This guide covers how to read files and monitor directories for new files using
the from_file
operator. Whether you process
individual files, batch process directories, or set up real-time file
monitoring, from_file
provides a unified approach to file-based data
ingestion.
Basic File Reading
Section titled “Basic File Reading”The from_file
operator handles various file types and formats. Start with
these fundamental patterns for reading individual files.
Single Files
Section titled “Single Files”To read a single file, specify the path to the from_file
operator:
from_file "/path/to/file.json"
The operator automatically detects the file format from the file extension. This works for all supported formats including JSON, CSV, Parquet, and others.
Compressed Files
Section titled “Compressed Files”The operator handles compressed files automatically. You need no additional configuration:
from_file "/path/to/file.csv.gz"
Supported compression formats include gzip, bzip2, and Zstd.
Custom Parsing
Section titled “Custom Parsing”When automatic format detection doesn’t suffice, specify a custom parsing pipeline:
from_file "/path/to/file.log" { read_syslog}
The parsing pipeline runs on the file content and must return events.
Directory Processing
Section titled “Directory Processing”You can process multiple files efficiently using glob patterns. This section covers batch processing and recursive directory operations.
Processing Multiple Files
Section titled “Processing Multiple Files”Use glob patterns to process multiple files at once:
from_file "/path/to/directory/*.csv.zst"
This example processes all Zstd-compressed CSV files in the specified directory.

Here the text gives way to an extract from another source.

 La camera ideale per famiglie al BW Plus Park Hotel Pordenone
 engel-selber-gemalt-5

You can also use glob patterns to consume files regardless of their format:
from_file "~/data/**"
This processes all files in the ~/data
directory and its subdirectories,
automatically detecting and parsing each file format.

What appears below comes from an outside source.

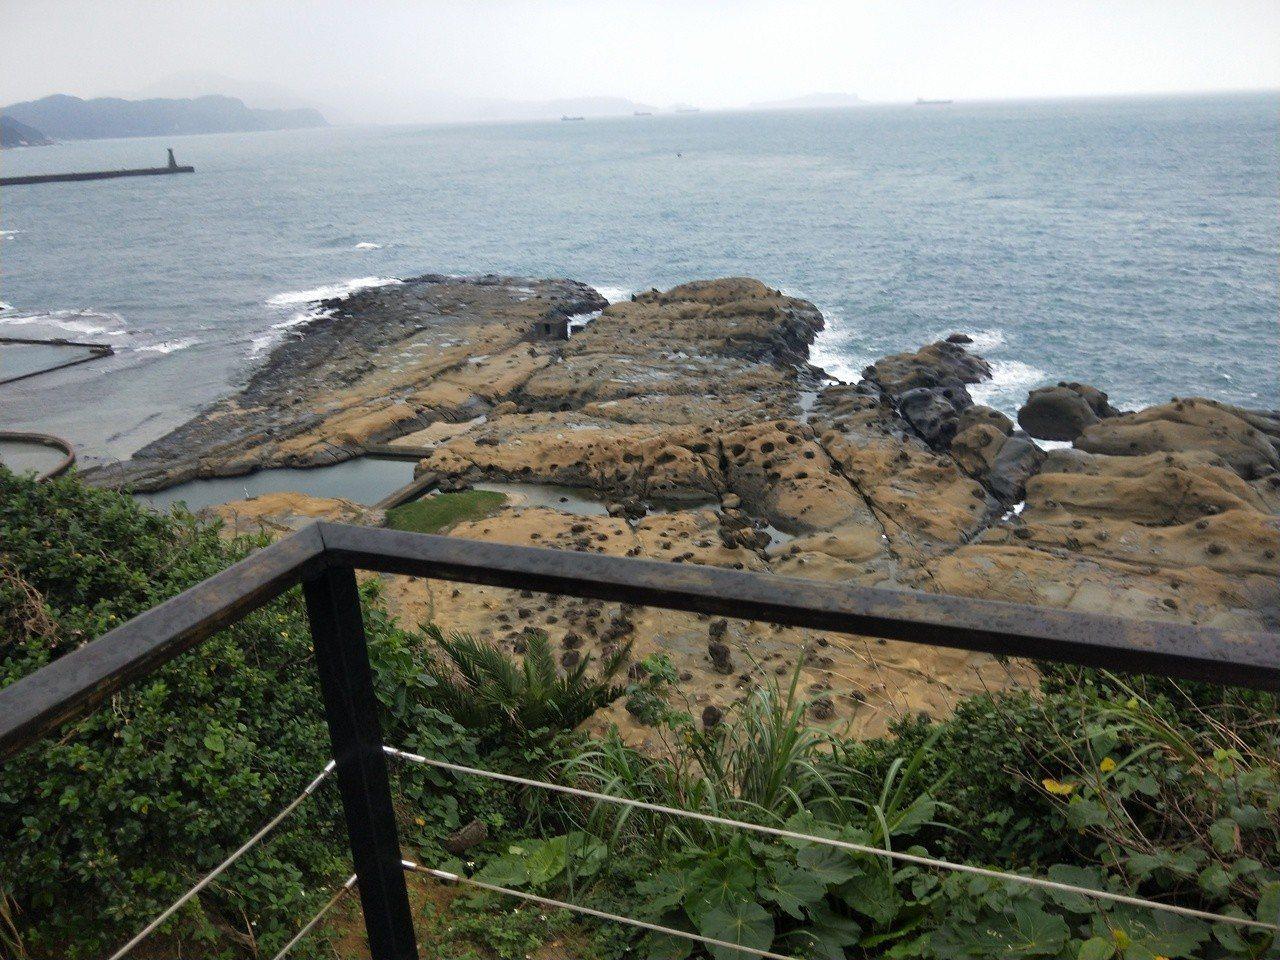 和平島公園擁有北海岸獨特海蝕地景,園內有十大守護岩,各具特色。記者游明煌/攝影

Recursive Directory Processing
Section titled “Recursive Directory Processing”Use **
to match files recursively through subdirectories:
from_file "/path/to/directory/**.csv"
Custom Parsing for Multiple Files
Section titled “Custom Parsing for Multiple Files”When you process multiple files with custom parsing, the pipeline runs separately for each file:
from_file "/path/to/directory/*.log" { read_lines}
File Monitoring
Section titled “File Monitoring”Set up real-time file processing by monitoring directories for changes. These features enable continuous data ingestion workflows.
Watch for New Files
Section titled “Watch for New Files”Use the watch
parameter to monitor a directory for new files:
from_file "/path/to/directory/*.csv", watch=true
This sets up continuous monitoring, processing new files as they appear in the directory.

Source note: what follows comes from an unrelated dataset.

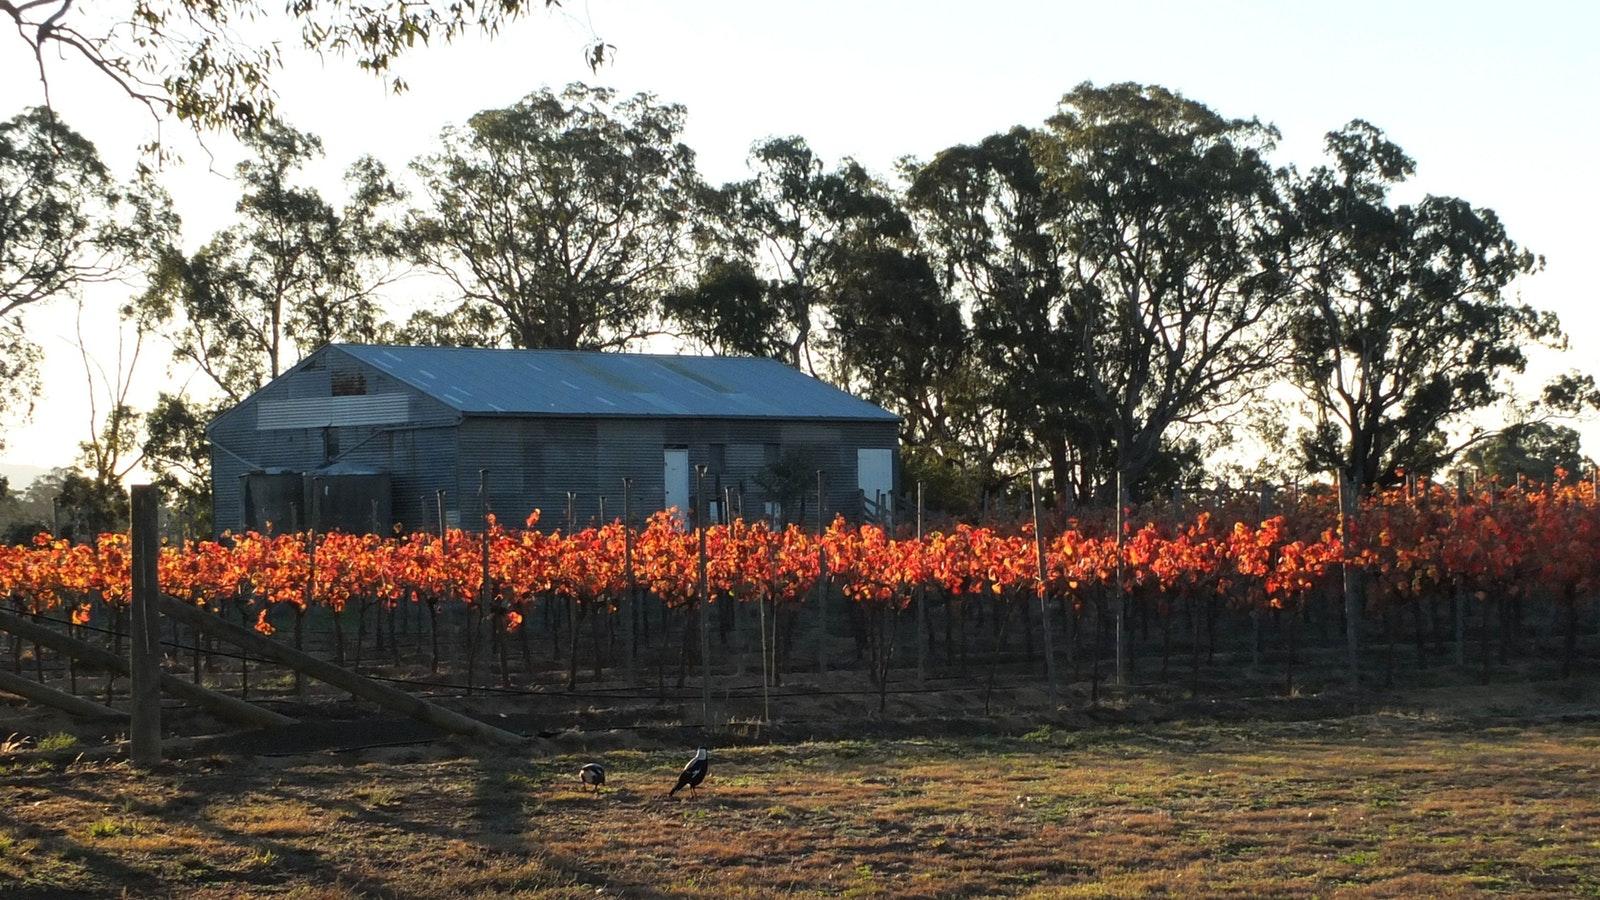 Mackereth's Hedon Farm

Remove Files After Processing
Section titled “Remove Files After Processing”Combine watching with automatic file removal using the remove
parameter:
from_file "/path/to/directory/*.csv", watch=true, remove=true
This approach helps you implement file-based queues where the system should automatically clean up processed files.
Cloud Storage Integration
Section titled “Cloud Storage Integration”Access files directly from cloud storage providers using their native URLs. The operator supports major cloud platforms transparently.
Amazon S3
Section titled “Amazon S3”Access S3 buckets directly using s3://
URLs:
from_file "s3://bucket/path/to/file.csv"
Glob patterns work with S3 as well:
from_file "s3://bucket/data/**/*.parquet"
Google Cloud Storage
Section titled “Google Cloud Storage”Access GCS buckets using gs://
URLs:
from_file "gs://bucket/path/to/file.csv"
Cloud storage integration uses Apache Arrow’s filesystem APIs and supports the same glob patterns and options as local files, including recursive globbing across cloud storage hierarchies.
Common Patterns
Section titled “Common Patterns”These examples demonstrate typical use cases that combine multiple features of
the from_file
operator for real-world scenarios.
Real-time Log Processing
Section titled “Real-time Log Processing”Monitor a log directory and process files as they arrive:
from_file "/var/log/application/*.log", watch=true { read_lines parse_json}
Batch Data Processing
Section titled “Batch Data Processing”Process all files in a data directory:
from_file "/data/exports/**.parquet"
Archive Processing with Cleanup
Section titled “Archive Processing with Cleanup”Process archived data and remove files after successful ingestion:
from_file "/archive/*.csv.gz", remove=true
Migration Notes
Section titled “Migration Notes”Transitioning from Legacy Operators
We designed the from_file
operator to replace the existing load_file
,
load_s3
, and load_gcs
operators. While we still support these legacy
operators, from_file
provides a more unified and feature-rich approach to
file ingestion.
We plan to add some advanced features from the legacy operators (such as file
tailing, anonymous S3 access, and Unix domain socket support) in future
releases of from_file
.